Like principles in general, the principles of problem solving have considerable content which is not immediately evident, primarily because of the very simplicity of the statements. The content will become more apparent as you work with the principles.
When first introducing principles in any subject matter new to the reader, it is necessary to use very simple examples, such as our first puzzle. Be assured that these simple examples are solely for the purpose of illustrating principles which are essential to working with more complex situations. Do not fail to use the principles of solving problems just because these simple examples might be solved "in your head." Practice has to be done on the simple cases so the process will come easily on the more challenging ones.
The structure of a more complex problem solution is illustrated by the following schematic diagram.
The banana puzzle also provides an opportunity to set aside some common fallacies about problem solving.
One of these fallacies concerns "given material." The student is often advised to list what is given and what is unknown in a problem. To do that with this puzzle would show the uselessness of that advice. It is time-consuming and is not informative.
We need only seek out what is ASKED FOR, ignoring all else in the beginning step. That step provides a rapid and reliable means of starting and continuing a problem solution.
Another problem solving fallacy is: "Completely understand the problem before trying to solve it." The banana problem and many, many others deny the usefulness of such methods.
"Completely understand the problem before trying to solve it" is quite common in various publications about problem solving. It is easily the most devastating of the problem-solving instructions a novice receives. "Completely understand the problem before trying to solve it" is a way of saying, "Solve the problem before you solve the problem." The short term memory is not up to such a task on any but the most trivial problems.
It is not meaningful to require that a problem be understood before solving it. What does need to be understood clearly at the beginning of any problem is, "What does the problem ASK FOR?"
The understanding of the problem, and the subject matter concepts used in it, develops as the problem is solved. It is the process of solving the problem that brings about the understanding. A problem that is understood is no longer a problem. When you understand it, you have the solution.
In order to solve a problem, a goal must be established, namely: What does the problem ASK FOR?
A problem is not truly understood until a solution is obtained and a conclusion developed. A problem is not solved until one can answer the question,
Although the process of solving a problem is well defined by the principles presented here, and available in the research literature, reliable problem solving is not possible without at least some knowledge of the subject matter of a particular problem. Content and process are so interwoven that they cannot be separated. Having a little knowledge enables one to solve some of the problems, thereby gaining more knowledge and putting more problems within reach.

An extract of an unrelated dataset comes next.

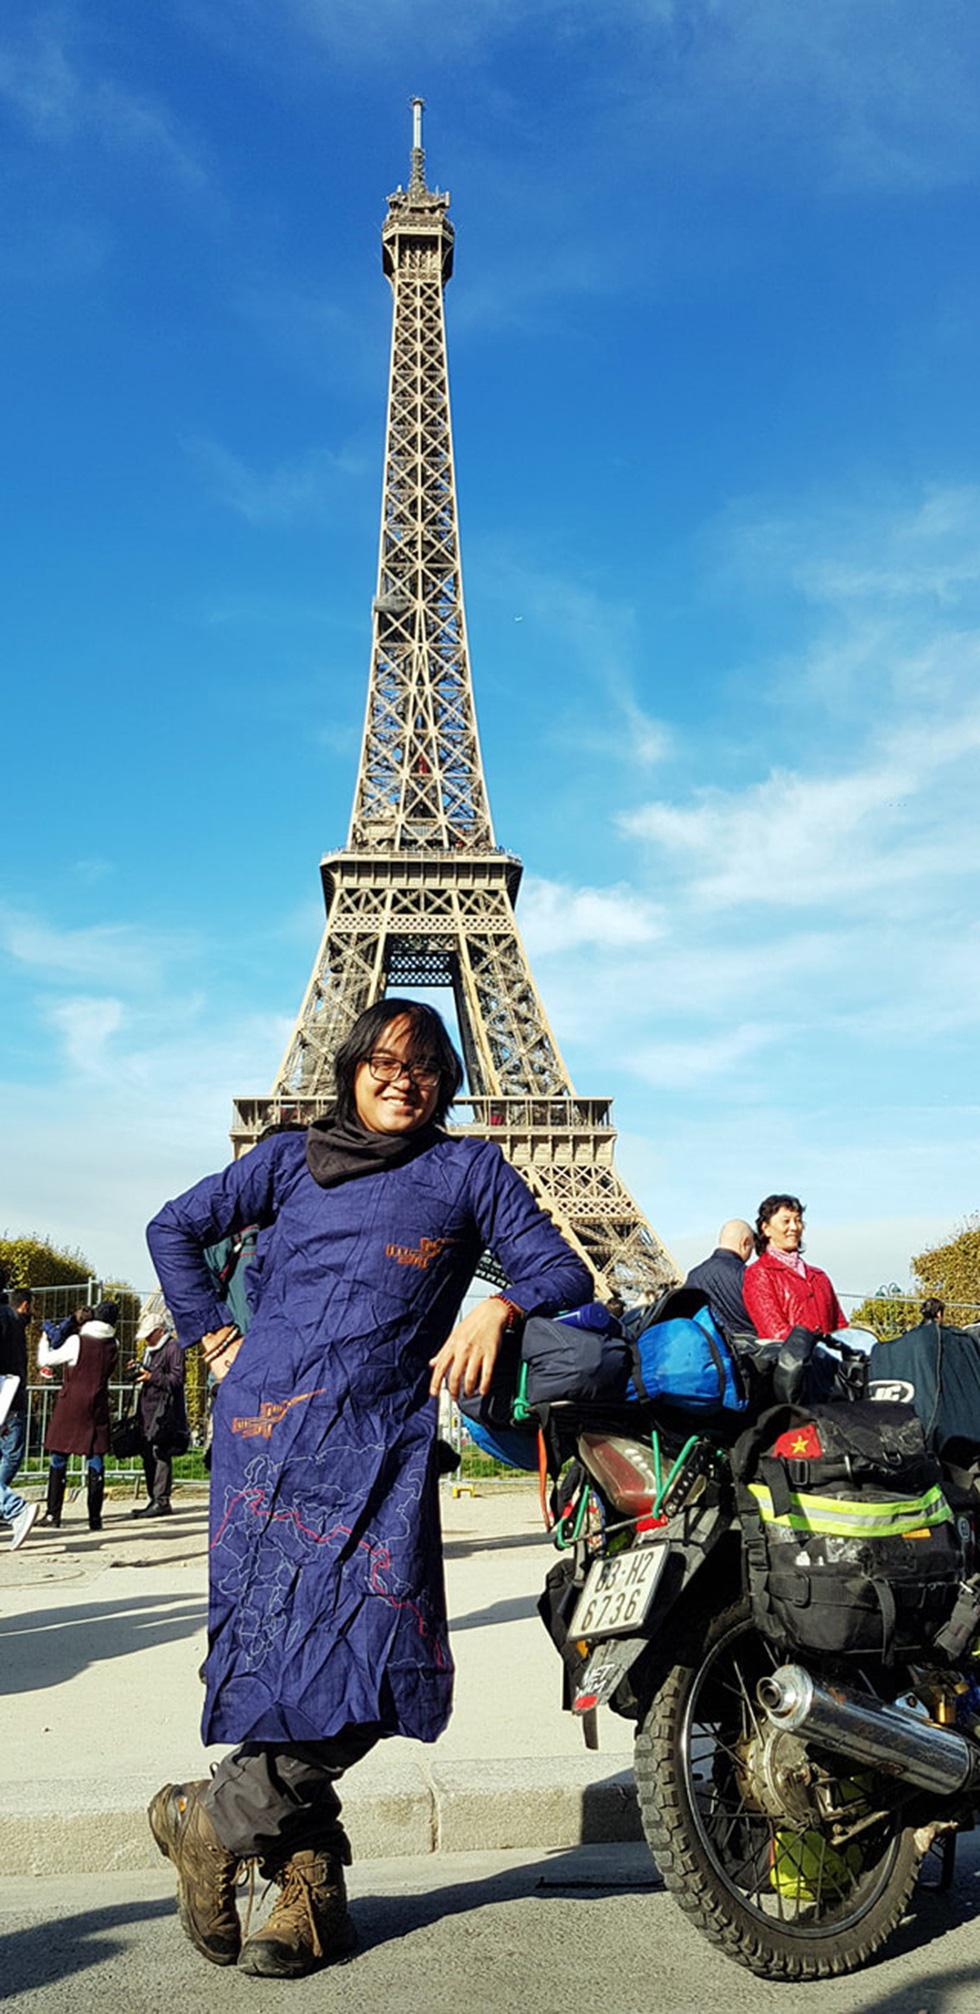 Chàng trai Việt đi xe máy vòng quanh thế giới: Học được muôn ngàn bài học ý nghĩa - Ảnh 4.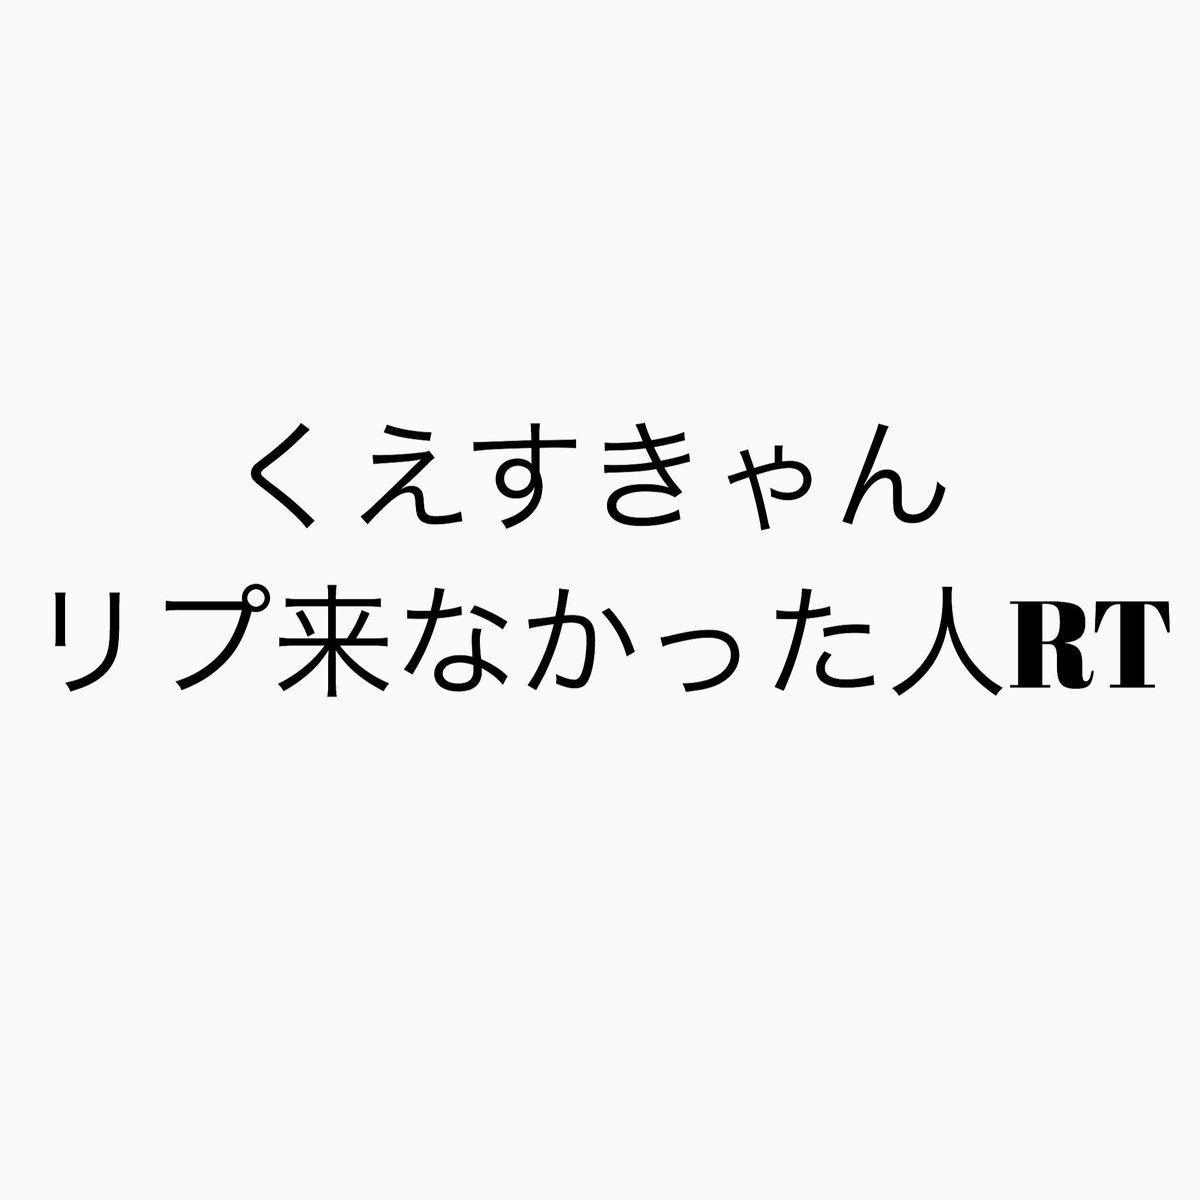 RT @riku0713_: 同士達よRT求む。フォローするぞい  #くえすきゃん https://t.co/K1X5YrT6zZ

This is the reason that good problem solutions always lead to better understanding of the subject matter. It is a recursive process, constantly building and reinforcing.
QUESTION: Show that the total energy of a satellite in a circular orbit equals half its potential energy.
COMMENTS
The presentation of this solution emphasizes the use of ideas as opposed to mathematical manipulations.
Ideas are verbalized prior to expressing them in mathematical form. Developing the solution of a problem or subproblem begins with a basic concept responding to the question asked. Verbalization serves to access the knowledge requested by the previous step.
This presentation is markedly different from that used in textbooks. Textbooks quite commonly place the emphasis on mechanisms rather than ideas. The driving concept is rarely shown at the beginning of the solution, but makes its appearance at the end.
The logic of the problem solution is known to the writer, of course, but is not shared with the reader. Novices are then forced to resort to algorithmic methods since they have not been informed of the sequence of ideas actually used by the expert who developed the solution. Textbook presentations are designed to save space and simplify the appearance of the solution by avoiding analytical methods. This deprives the student of an opportunity for a genuine learning experience and development of analytical skills.
The indented organization of subproblems automates the logic of the solution by keeping them in their proper sequence. In addition, the visual arrangement of this presentation conforms to the widely accepted hierarchical structure used in other types of effective communication.
Indentation and verbalization form context-sensitive connections between the steps of solving the problem and the knowledge that supports the solution.
Problem solutions are a very effective communication channel. Optimization of their presentation contributes substantially to the learning process.